Input data →
+ + + + + + +

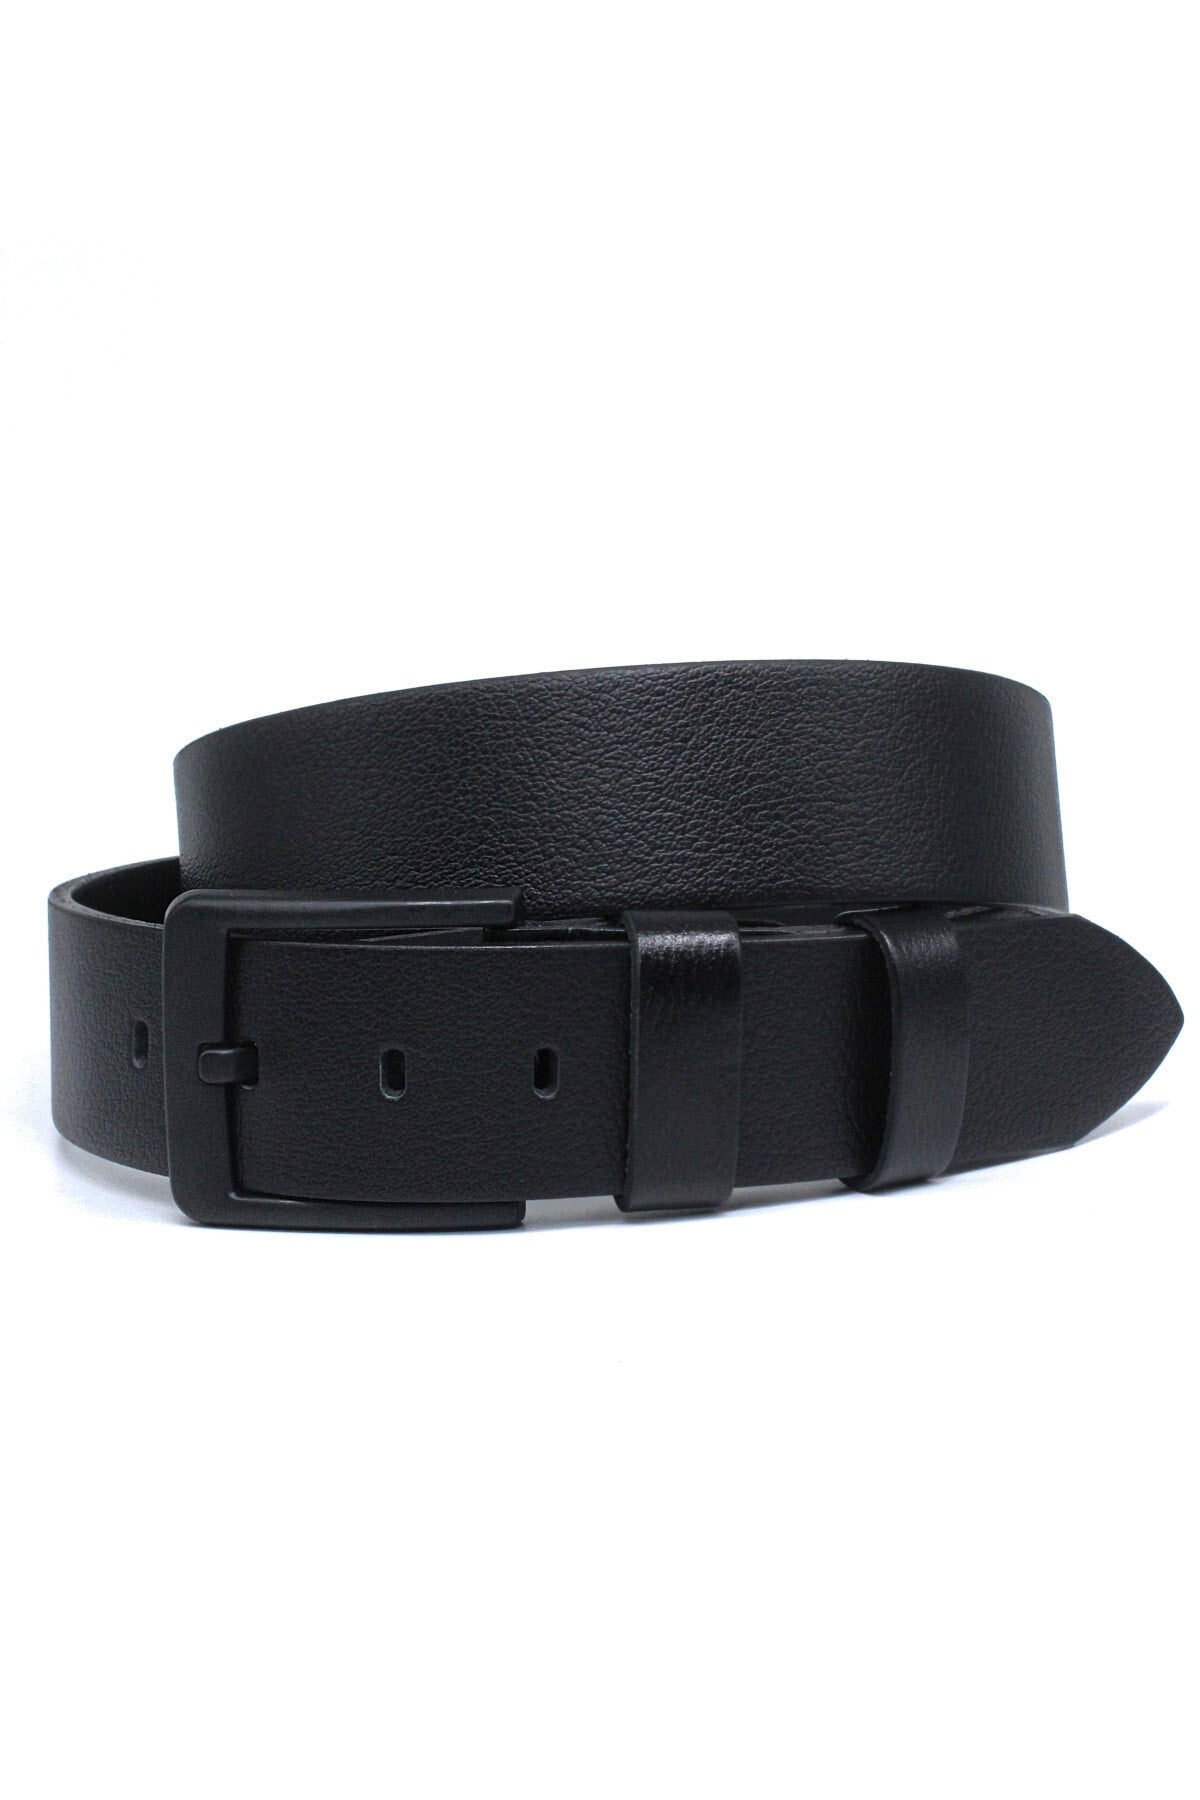 Pack Black - Black Buffalo Leather Men's Denim Belt 4.5 Cm
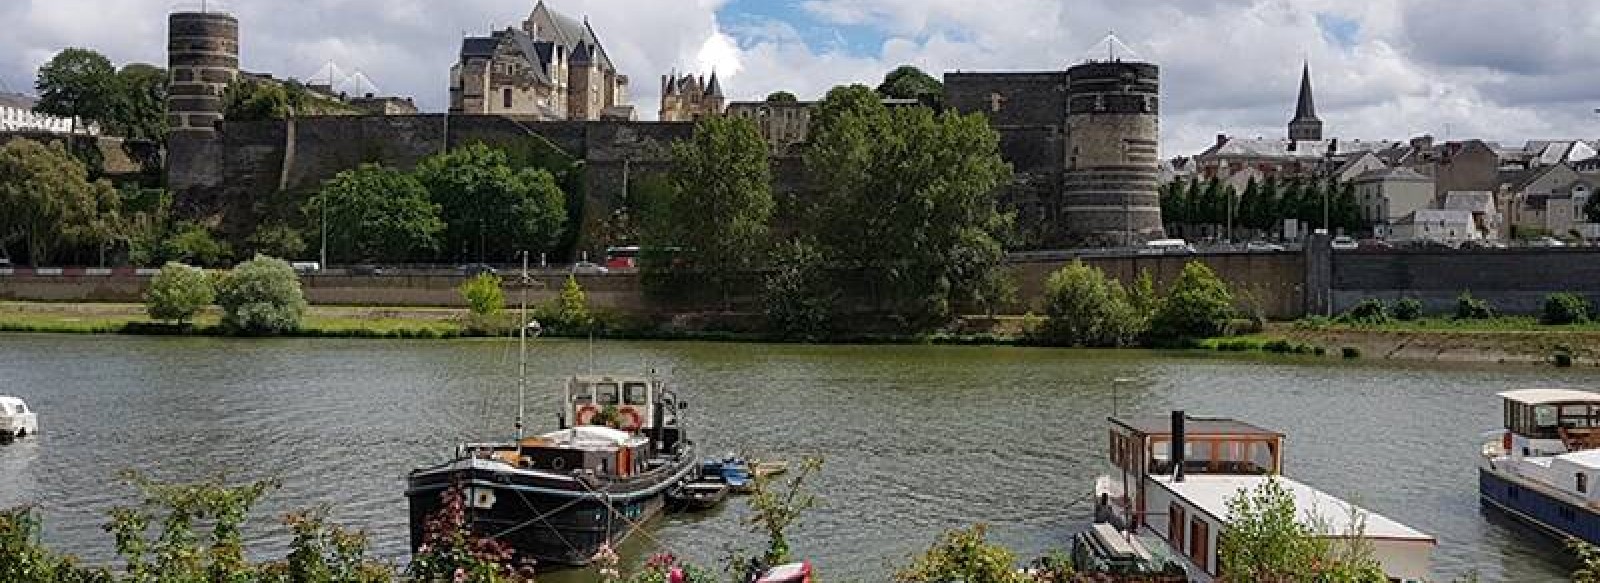 La Loire a Velo de Tours a Nantes - 277 km
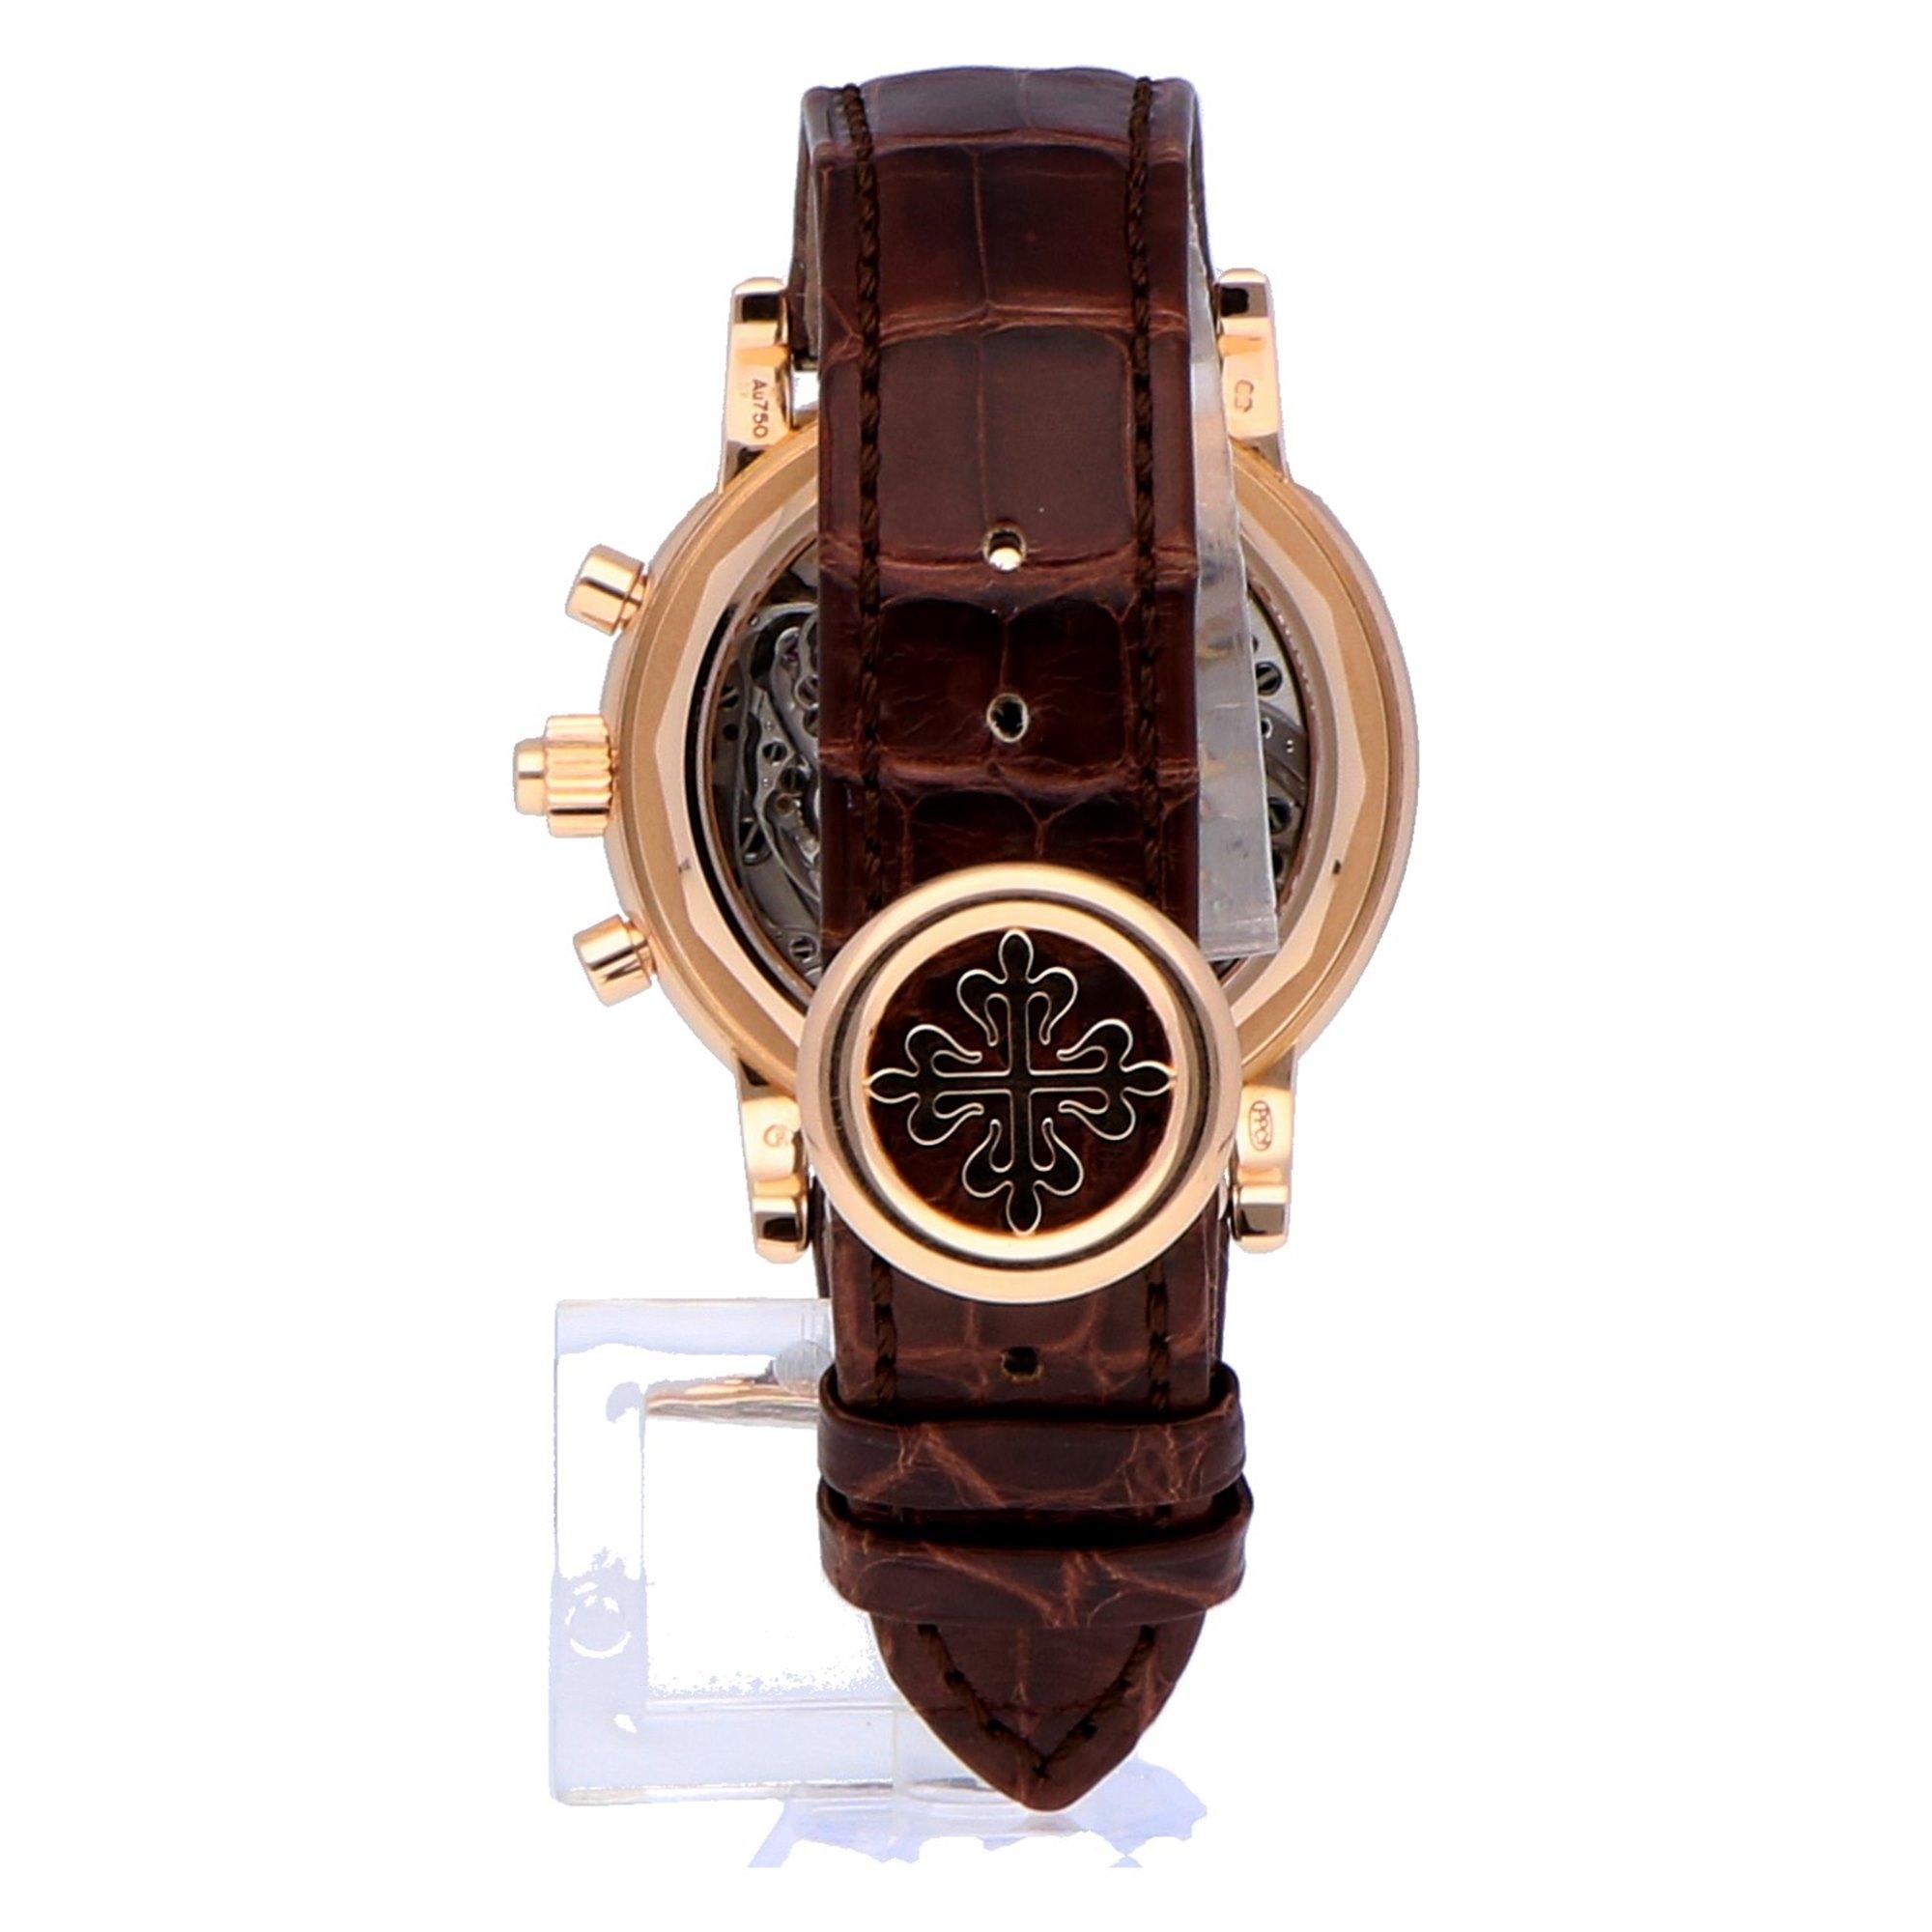 Patek Philippe Grand Perpetual Calendar Chronograph Rose Gold 5204R-001 Watch 2
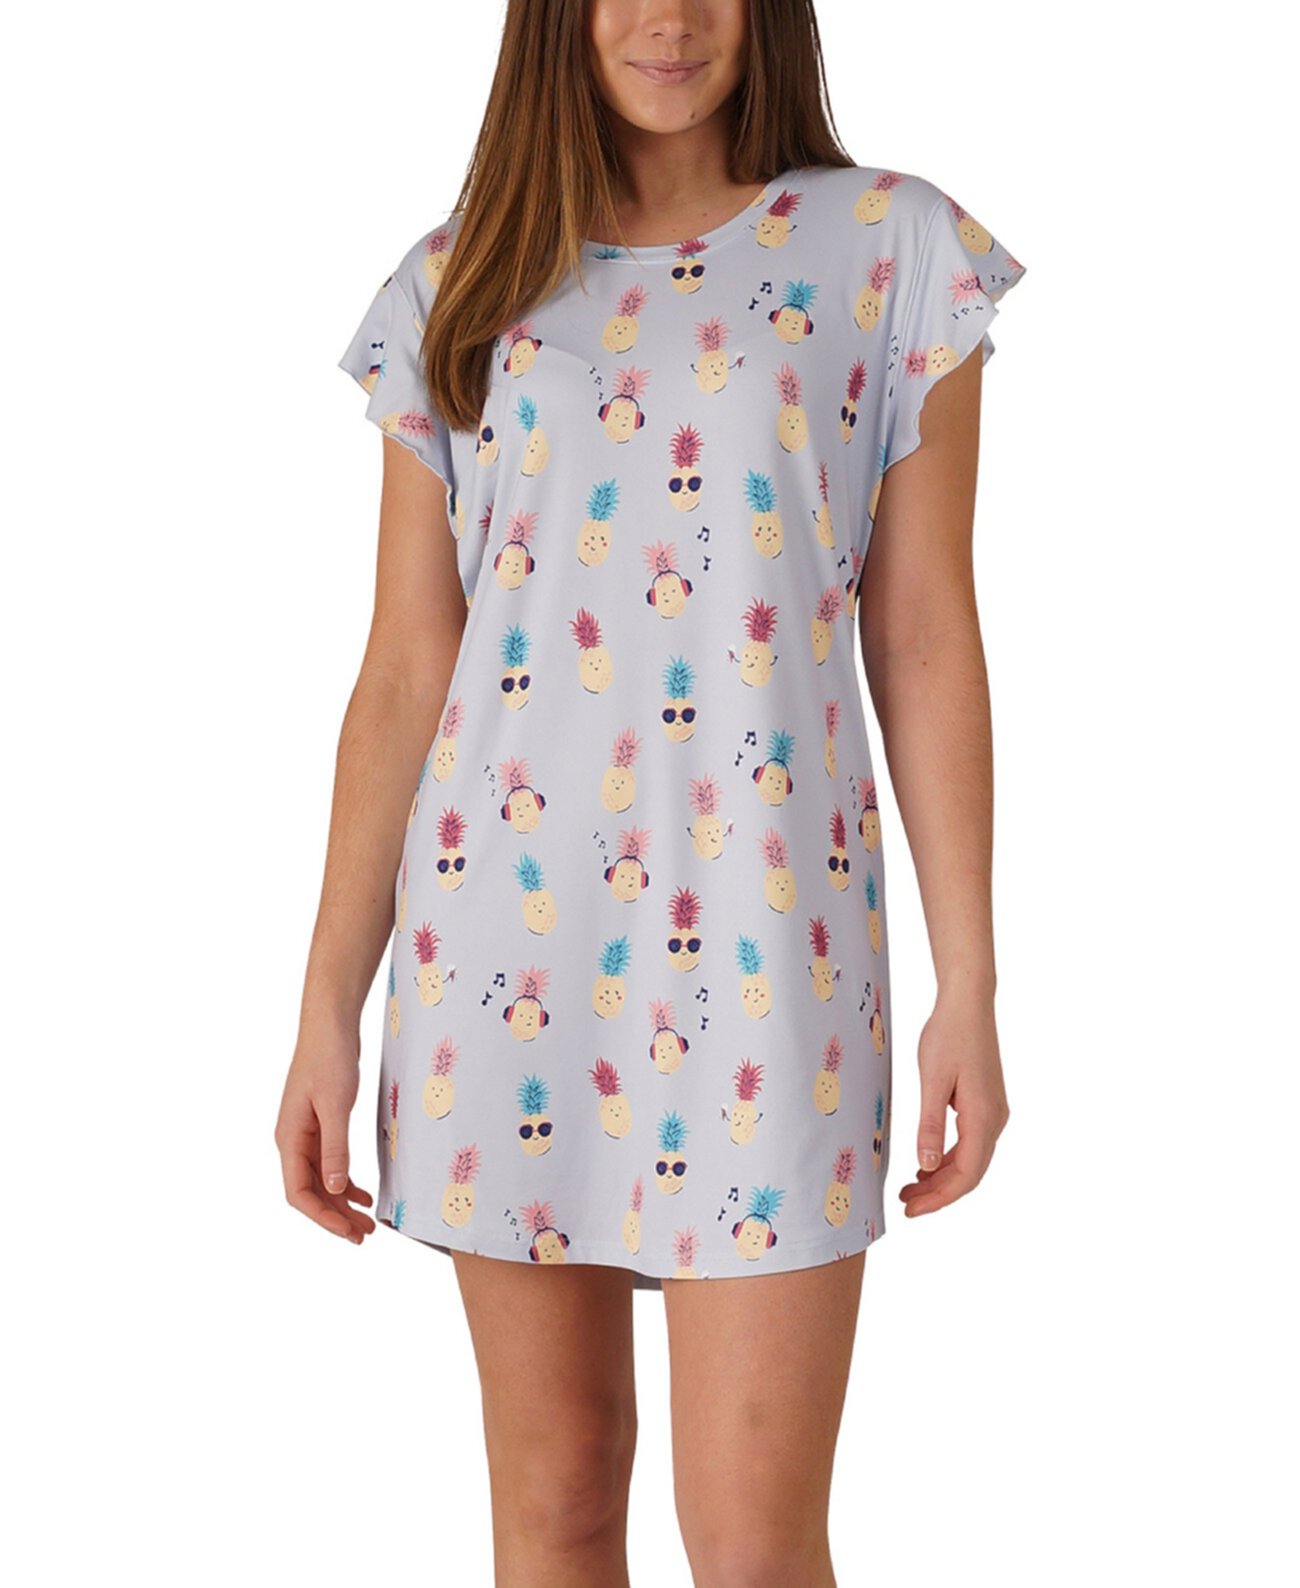 Nite Nite Plus Size Pineapple Sleepshirt Nightgown, только в Интернете Munki Munki

+ + + + + + +

Work task → The output must match, line for line, the span from the line containing "La Loire a Velo de Tours a Nantes - 277 km" through the end of the data, with the pictures removed.

Result of the exercise →
 La Loire a Velo de Tours a Nantes - 277 km
 Patek Philippe Grand Perpetual Calendar Chronograph Rose Gold 5204R-001 Watch 2
 Nite Nite Plus Size Pineapple Sleepshirt Nightgown, только в Интернете Munki Munki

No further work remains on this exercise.